While the pair went through their decision to leave their religious order to be together, they admitted they initially struggled with life outside the monastery
Polish-born Robert, who was a monk for 13, was accepted by the Church of England after the Carmelites kicked him out for marrying Lisa
However, the prioress’s curt reaction to her news convinced her to pack the few belongings she had and to leave the convent to meet Robert at a pub called Black Bull.
She said she instantly began to struggle with her faith as she left the convent, admitting she even thought of taking her own life, but got the courage to follow through on her decision when she caught a glimpse of Robert through the pub’s window.
Robert, who was born and raised in Poland but came to London and joined the Carmelite order in 2002, admitted that he shared her fears about starting a marriage in his fifties, but the couple went ahead with their decision.
Robert in his vestments. The couple stressed that their faith is at the centre of everything they do and that they are both devoted to god
Lisa, in habit, admitted she draws on her faith to feel grounded in the modern world, after getting used to the silence of monastic life
However, in spite of the connection they felt, they still struggled with life outside the priory.
Lisa admitted the couple felt particularly low during the first Christmas they spent away from monastic life in 2015.
She added the couple felt like Shakespearean star-crossed lovers and thought about ending it because the start of their relationship outside of the order was so hard to bear.
She recounted a moment where the pair both cried at the job centre when they were asked if they had any transferable skills.

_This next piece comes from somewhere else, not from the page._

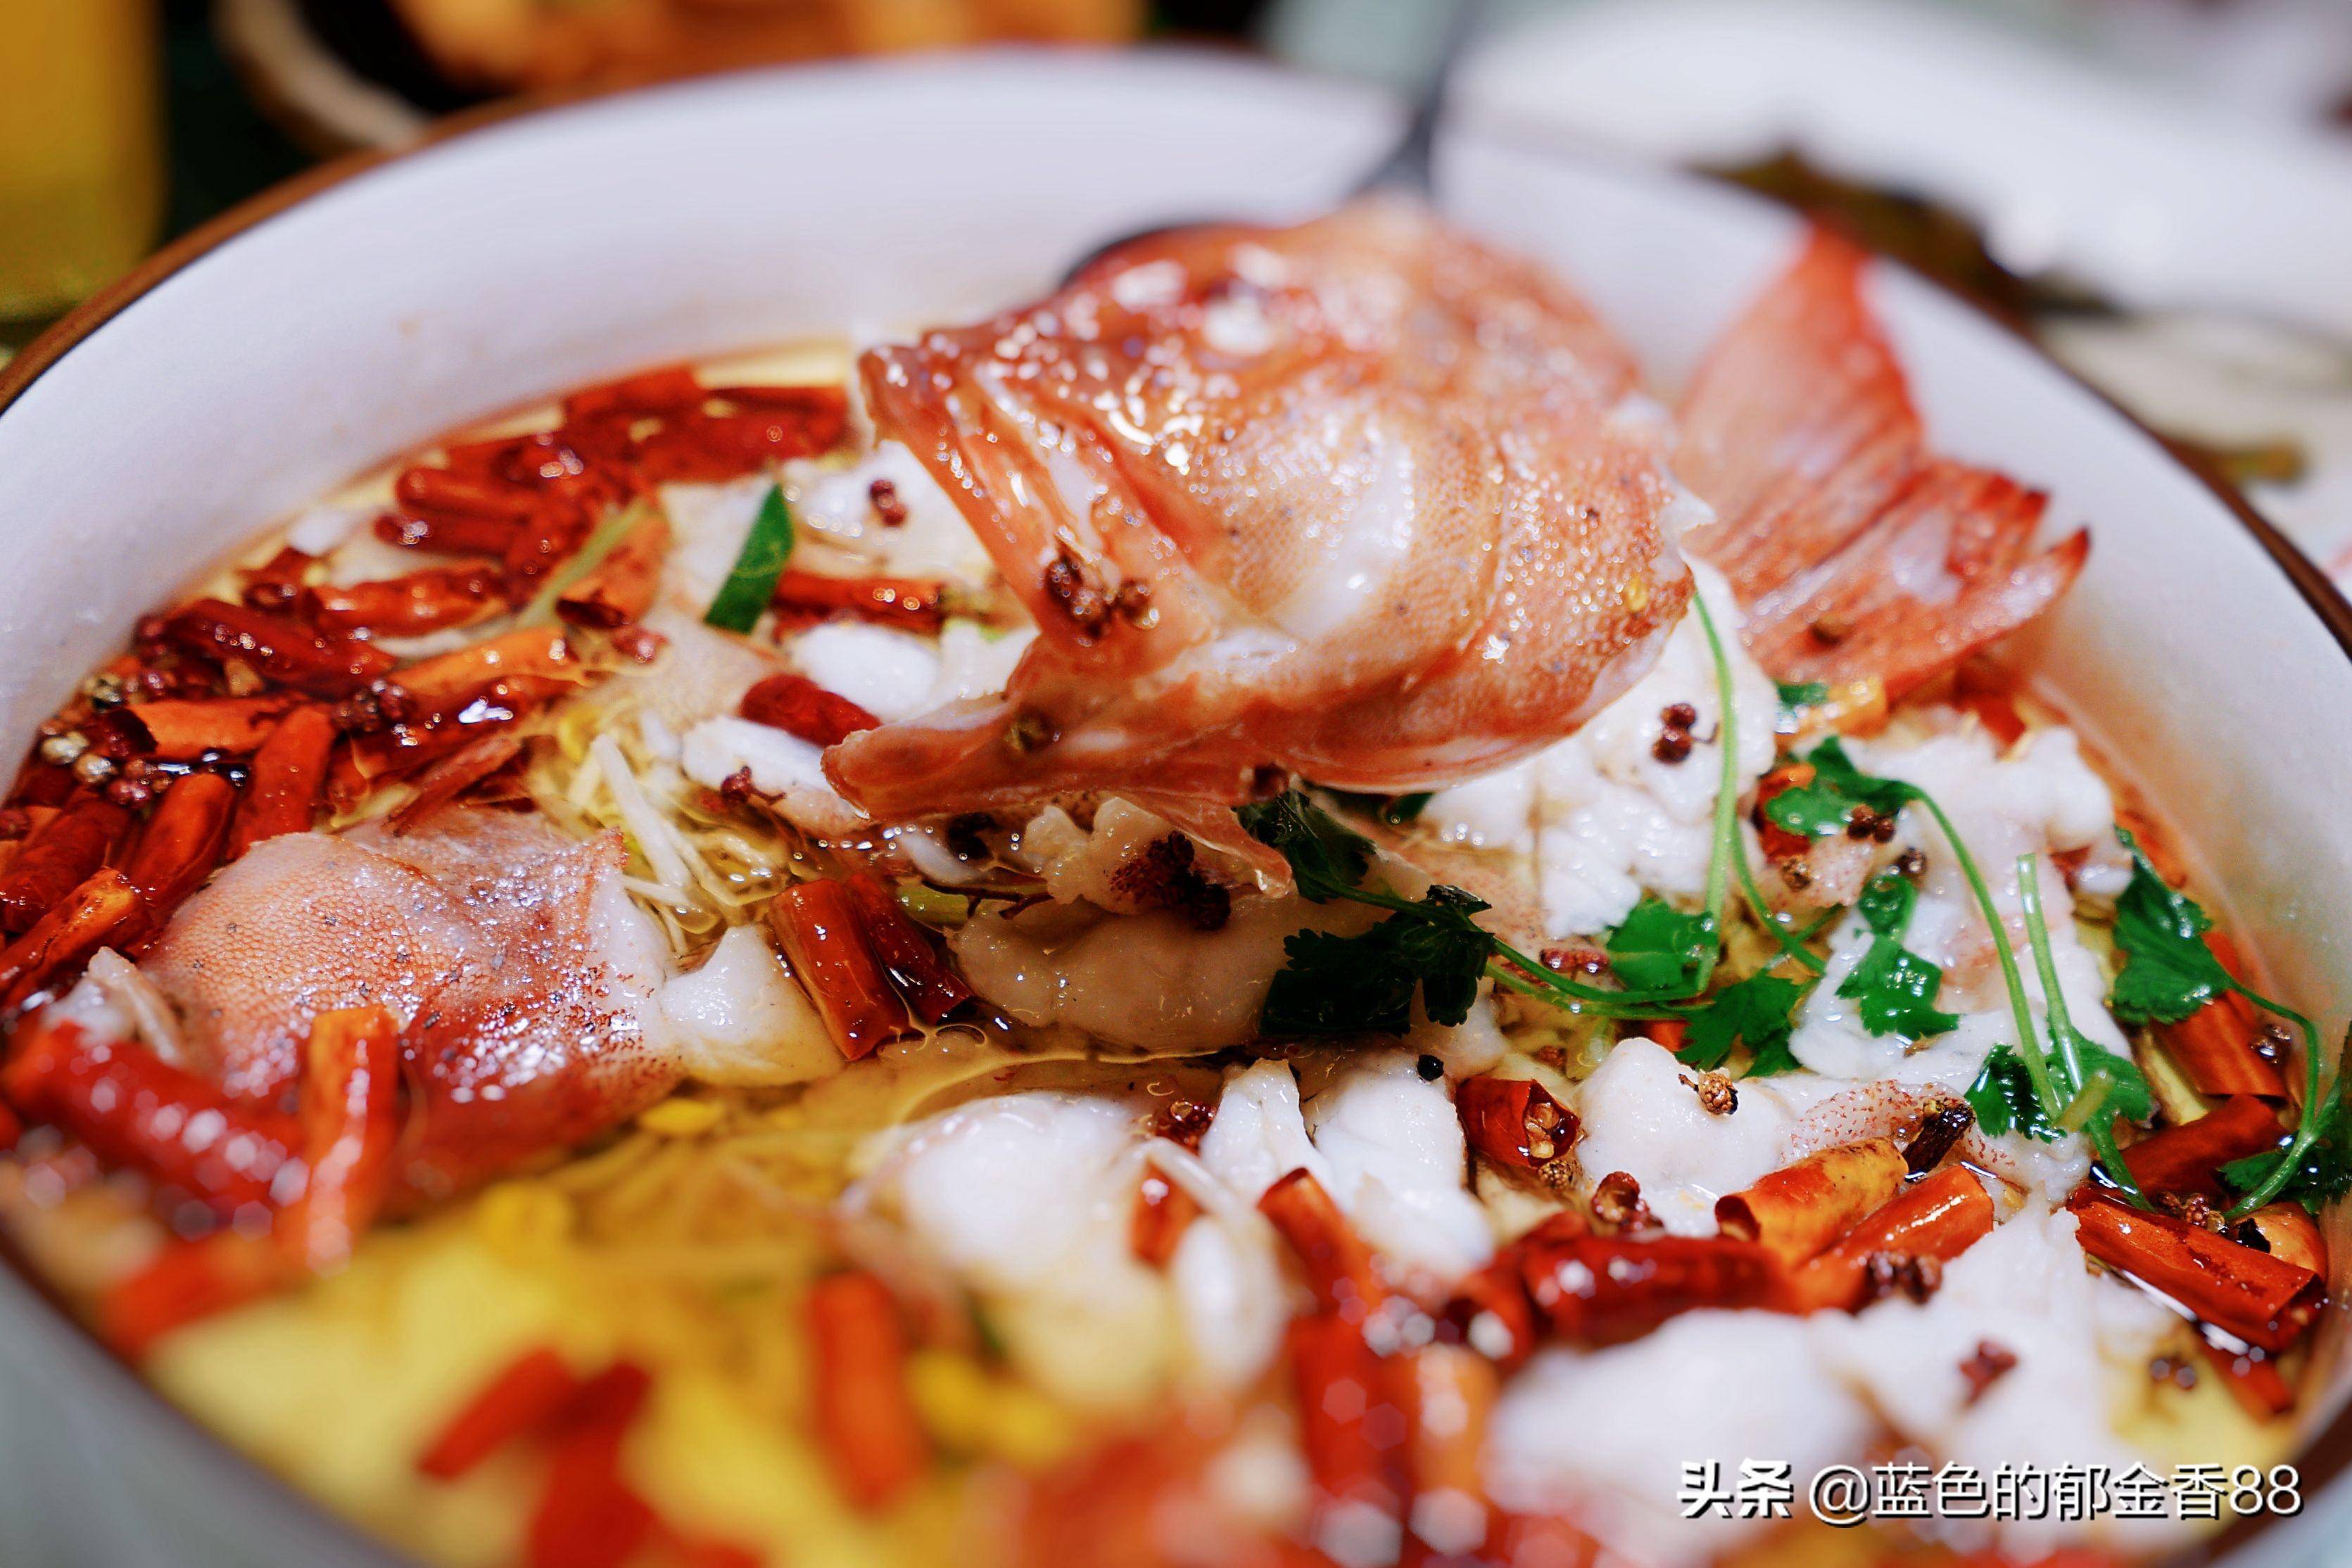 有一种海鲜,绽放在食物里,绚烂而极致,这就是宁海食府的海鲜

They had another emotional moment when Robert bought and translated a book written in Polish about nuns who left their order.
The couple stopped on the side of the M62 to cry together as they read the stories that they found were so relatable to their own situation.
However, they managed to find balance in their new lives by reconnecting with their faith outside of the priory.
‘All through your religious life, you’re told your heart is supposed to be undivided and given to God. Suddenly I felt like my heart was expanding to hold Robert, but I realised it also held everything else that I had. And I didn’t feel any different about God, and that was reassuring to me,’ Lisa said.
Robert was told he could no longer be a member of the Carmelite order, but soon joined the Church of England and is now a vicar in the village of Hutton Rudby in North Yorkshire, where the couple live.
Lisa worked in a funeral home before becoming a hospital chaplain and admitted she is now getting used to trying on different clothes and different hairstyles after spending 24 years in the religious habit.
She admitted that if it weren’t for Robert, she would return to her convent life in a heartbeat, because she got used to the silence of monastic life and struggles to keep herself grounded in the modern world.
The former nun said she looks at her life with Robert as two Carmelites living together and devoting their lives to God.
She added that Christ is at the centre of her and Robert’s marriage and at the centre of everything the couple does.